START Records supplied

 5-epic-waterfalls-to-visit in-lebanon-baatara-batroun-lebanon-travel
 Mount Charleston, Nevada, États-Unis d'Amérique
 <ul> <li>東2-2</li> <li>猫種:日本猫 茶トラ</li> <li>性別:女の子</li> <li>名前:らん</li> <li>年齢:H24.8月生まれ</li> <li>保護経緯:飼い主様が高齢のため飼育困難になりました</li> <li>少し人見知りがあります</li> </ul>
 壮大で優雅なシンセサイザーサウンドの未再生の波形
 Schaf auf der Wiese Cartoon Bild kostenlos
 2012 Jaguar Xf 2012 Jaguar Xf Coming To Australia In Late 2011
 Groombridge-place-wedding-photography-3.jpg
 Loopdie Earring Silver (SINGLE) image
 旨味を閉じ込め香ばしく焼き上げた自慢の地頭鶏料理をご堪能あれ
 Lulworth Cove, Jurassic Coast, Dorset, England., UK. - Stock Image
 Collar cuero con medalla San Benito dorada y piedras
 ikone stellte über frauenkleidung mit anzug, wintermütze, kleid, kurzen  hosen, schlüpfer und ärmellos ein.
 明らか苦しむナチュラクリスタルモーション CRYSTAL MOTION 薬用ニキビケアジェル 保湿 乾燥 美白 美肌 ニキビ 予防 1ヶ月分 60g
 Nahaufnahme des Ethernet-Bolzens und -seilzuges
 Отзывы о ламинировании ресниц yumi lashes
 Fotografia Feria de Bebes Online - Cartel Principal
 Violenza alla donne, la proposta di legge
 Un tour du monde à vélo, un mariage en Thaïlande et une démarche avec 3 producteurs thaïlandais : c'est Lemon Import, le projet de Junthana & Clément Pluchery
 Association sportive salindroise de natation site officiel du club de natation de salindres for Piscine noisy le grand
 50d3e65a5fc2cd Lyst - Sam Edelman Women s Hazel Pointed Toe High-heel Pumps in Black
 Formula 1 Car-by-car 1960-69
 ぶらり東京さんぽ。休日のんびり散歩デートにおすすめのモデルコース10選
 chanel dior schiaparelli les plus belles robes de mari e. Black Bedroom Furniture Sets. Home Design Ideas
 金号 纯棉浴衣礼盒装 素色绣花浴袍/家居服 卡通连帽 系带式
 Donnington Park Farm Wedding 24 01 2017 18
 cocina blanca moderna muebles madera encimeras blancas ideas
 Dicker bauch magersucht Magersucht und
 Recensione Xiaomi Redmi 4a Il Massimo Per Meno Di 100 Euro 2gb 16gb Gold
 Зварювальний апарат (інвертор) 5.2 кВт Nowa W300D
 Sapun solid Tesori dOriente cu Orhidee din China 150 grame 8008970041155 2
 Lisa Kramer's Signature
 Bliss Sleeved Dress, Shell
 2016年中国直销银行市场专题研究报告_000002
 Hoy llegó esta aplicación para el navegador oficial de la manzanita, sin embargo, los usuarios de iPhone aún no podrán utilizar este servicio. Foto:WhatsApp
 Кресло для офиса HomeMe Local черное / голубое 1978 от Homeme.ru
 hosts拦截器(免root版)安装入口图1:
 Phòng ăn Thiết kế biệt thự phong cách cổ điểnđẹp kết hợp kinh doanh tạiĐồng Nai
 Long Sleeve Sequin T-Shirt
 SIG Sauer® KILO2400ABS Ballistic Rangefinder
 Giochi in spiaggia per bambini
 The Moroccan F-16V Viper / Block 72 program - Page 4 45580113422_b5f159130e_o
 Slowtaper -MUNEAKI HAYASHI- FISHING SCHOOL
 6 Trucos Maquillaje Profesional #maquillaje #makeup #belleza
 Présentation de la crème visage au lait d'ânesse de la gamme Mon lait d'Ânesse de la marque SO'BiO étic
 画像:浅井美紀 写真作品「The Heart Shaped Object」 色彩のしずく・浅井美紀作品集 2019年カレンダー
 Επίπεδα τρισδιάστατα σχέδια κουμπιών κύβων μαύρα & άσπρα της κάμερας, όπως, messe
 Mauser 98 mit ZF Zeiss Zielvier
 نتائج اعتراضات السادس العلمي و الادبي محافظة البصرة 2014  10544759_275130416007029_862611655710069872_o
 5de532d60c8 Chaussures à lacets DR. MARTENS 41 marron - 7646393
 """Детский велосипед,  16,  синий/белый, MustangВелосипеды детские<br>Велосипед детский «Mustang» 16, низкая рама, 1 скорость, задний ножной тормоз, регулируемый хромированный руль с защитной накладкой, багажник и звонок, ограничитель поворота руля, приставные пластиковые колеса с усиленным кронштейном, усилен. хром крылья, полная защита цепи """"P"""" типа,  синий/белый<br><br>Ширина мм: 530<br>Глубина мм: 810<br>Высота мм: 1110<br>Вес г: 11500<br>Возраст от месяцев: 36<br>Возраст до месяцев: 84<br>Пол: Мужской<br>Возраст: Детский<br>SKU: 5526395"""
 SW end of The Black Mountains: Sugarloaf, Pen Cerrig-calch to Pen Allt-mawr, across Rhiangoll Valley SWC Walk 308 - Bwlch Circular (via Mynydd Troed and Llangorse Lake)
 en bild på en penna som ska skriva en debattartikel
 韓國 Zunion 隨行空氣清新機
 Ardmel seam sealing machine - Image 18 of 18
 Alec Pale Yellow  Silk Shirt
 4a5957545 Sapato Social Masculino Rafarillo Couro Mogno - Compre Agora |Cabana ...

END Records supplied

Exercise directions: Could you write out all the entries word for word?

Task response:
 5-epic-waterfalls-to-visit in-lebanon-baatara-batroun-lebanon-travel
 Mount Charleston, Nevada, États-Unis d'Amérique
 <ul> <li>東2-2</li> <li>猫種:日本猫 茶トラ</li> <li>性別:女の子</li> <li>名前:らん</li> <li>年齢:H24.8月生まれ</li> <li>保護経緯:飼い主様が高齢のため飼育困難になりました</li> <li>少し人見知りがあります</li> </ul>
 壮大で優雅なシンセサイザーサウンドの未再生の波形
 Schaf auf der Wiese Cartoon Bild kostenlos
 2012 Jaguar Xf 2012 Jaguar Xf Coming To Australia In Late 2011
 Groombridge-place-wedding-photography-3.jpg
 Loopdie Earring Silver (SINGLE) image
 旨味を閉じ込め香ばしく焼き上げた自慢の地頭鶏料理をご堪能あれ
 Lulworth Cove, Jurassic Coast, Dorset, England., UK. - Stock Image
 Collar cuero con medalla San Benito dorada y piedras
 ikone stellte über frauenkleidung mit anzug, wintermütze, kleid, kurzen  hosen, schlüpfer und ärmellos ein.
 明らか苦しむナチュラクリスタルモーション CRYSTAL MOTION 薬用ニキビケアジェル 保湿 乾燥 美白 美肌 ニキビ 予防 1ヶ月分 60g
 Nahaufnahme des Ethernet-Bolzens und -seilzuges
 Отзывы о ламинировании ресниц yumi lashes
 Fotografia Feria de Bebes Online - Cartel Principal
 Violenza alla donne, la proposta di legge
 Un tour du monde à vélo, un mariage en Thaïlande et une démarche avec 3 producteurs thaïlandais : c'est Lemon Import, le projet de Junthana & Clément Pluchery
 Association sportive salindroise de natation site officiel du club de natation de salindres for Piscine noisy le grand
 50d3e65a5fc2cd Lyst - Sam Edelman Women s Hazel Pointed Toe High-heel Pumps in Black
 Formula 1 Car-by-car 1960-69
 ぶらり東京さんぽ。休日のんびり散歩デートにおすすめのモデルコース10選
 chanel dior schiaparelli les plus belles robes de mari e. Black Bedroom Furniture Sets. Home Design Ideas
 金号 纯棉浴衣礼盒装 素色绣花浴袍/家居服 卡通连帽 系带式
 Donnington Park Farm Wedding 24 01 2017 18
 cocina blanca moderna muebles madera encimeras blancas ideas
 Dicker bauch magersucht Magersucht und
 Recensione Xiaomi Redmi 4a Il Massimo Per Meno Di 100 Euro 2gb 16gb Gold
 Зварювальний апарат (інвертор) 5.2 кВт Nowa W300D
 Sapun solid Tesori dOriente cu Orhidee din China 150 grame 8008970041155 2
 Lisa Kramer's Signature
 Bliss Sleeved Dress, Shell
 2016年中国直销银行市场专题研究报告_000002
 Hoy llegó esta aplicación para el navegador oficial de la manzanita, sin embargo, los usuarios de iPhone aún no podrán utilizar este servicio. Foto:WhatsApp
 Кресло для офиса HomeMe Local черное / голубое 1978 от Homeme.ru
 hosts拦截器(免root版)安装入口图1:
 Phòng ăn Thiết kế biệt thự phong cách cổ điểnđẹp kết hợp kinh doanh tạiĐồng Nai
 Long Sleeve Sequin T-Shirt
 SIG Sauer® KILO2400ABS Ballistic Rangefinder
 Giochi in spiaggia per bambini
 The Moroccan F-16V Viper / Block 72 program - Page 4 45580113422_b5f159130e_o
 Slowtaper -MUNEAKI HAYASHI- FISHING SCHOOL
 6 Trucos Maquillaje Profesional #maquillaje #makeup #belleza
 Présentation de la crème visage au lait d'ânesse de la gamme Mon lait d'Ânesse de la marque SO'BiO étic
 画像:浅井美紀 写真作品「The Heart Shaped Object」 色彩のしずく・浅井美紀作品集 2019年カレンダー
 Επίπεδα τρισδιάστατα σχέδια κουμπιών κύβων μαύρα & άσπρα της κάμερας, όπως, messe
 Mauser 98 mit ZF Zeiss Zielvier
 نتائج اعتراضات السادس العلمي و الادبي محافظة البصرة 2014  10544759_275130416007029_862611655710069872_o
 5de532d60c8 Chaussures à lacets DR. MARTENS 41 marron - 7646393
 """Детский велосипед,  16,  синий/белый, MustangВелосипеды детские<br>Велосипед детский «Mustang» 16, низкая рама, 1 скорость, задний ножной тормоз, регулируемый хромированный руль с защитной накладкой, багажник и звонок, ограничитель поворота руля, приставные пластиковые колеса с усиленным кронштейном, усилен. хром крылья, полная защита цепи """"P"""" типа,  синий/белый<br><br>Ширина мм: 530<br>Глубина мм: 810<br>Высота мм: 1110<br>Вес г: 11500<br>Возраст от месяцев: 36<br>Возраст до месяцев: 84<br>Пол: Мужской<br>Возраст: Детский<br>SKU: 5526395"""
 SW end of The Black Mountains: Sugarloaf, Pen Cerrig-calch to Pen Allt-mawr, across Rhiangoll Valley SWC Walk 308 - Bwlch Circular (via Mynydd Troed and Llangorse Lake)
 en bild på en penna som ska skriva en debattartikel
 韓國 Zunion 隨行空氣清新機
 Ardmel seam sealing machine - Image 18 of 18
 Alec Pale Yellow  Silk Shirt
 4a5957545 Sapato Social Masculino Rafarillo Couro Mogno - Compre Agora |Cabana ...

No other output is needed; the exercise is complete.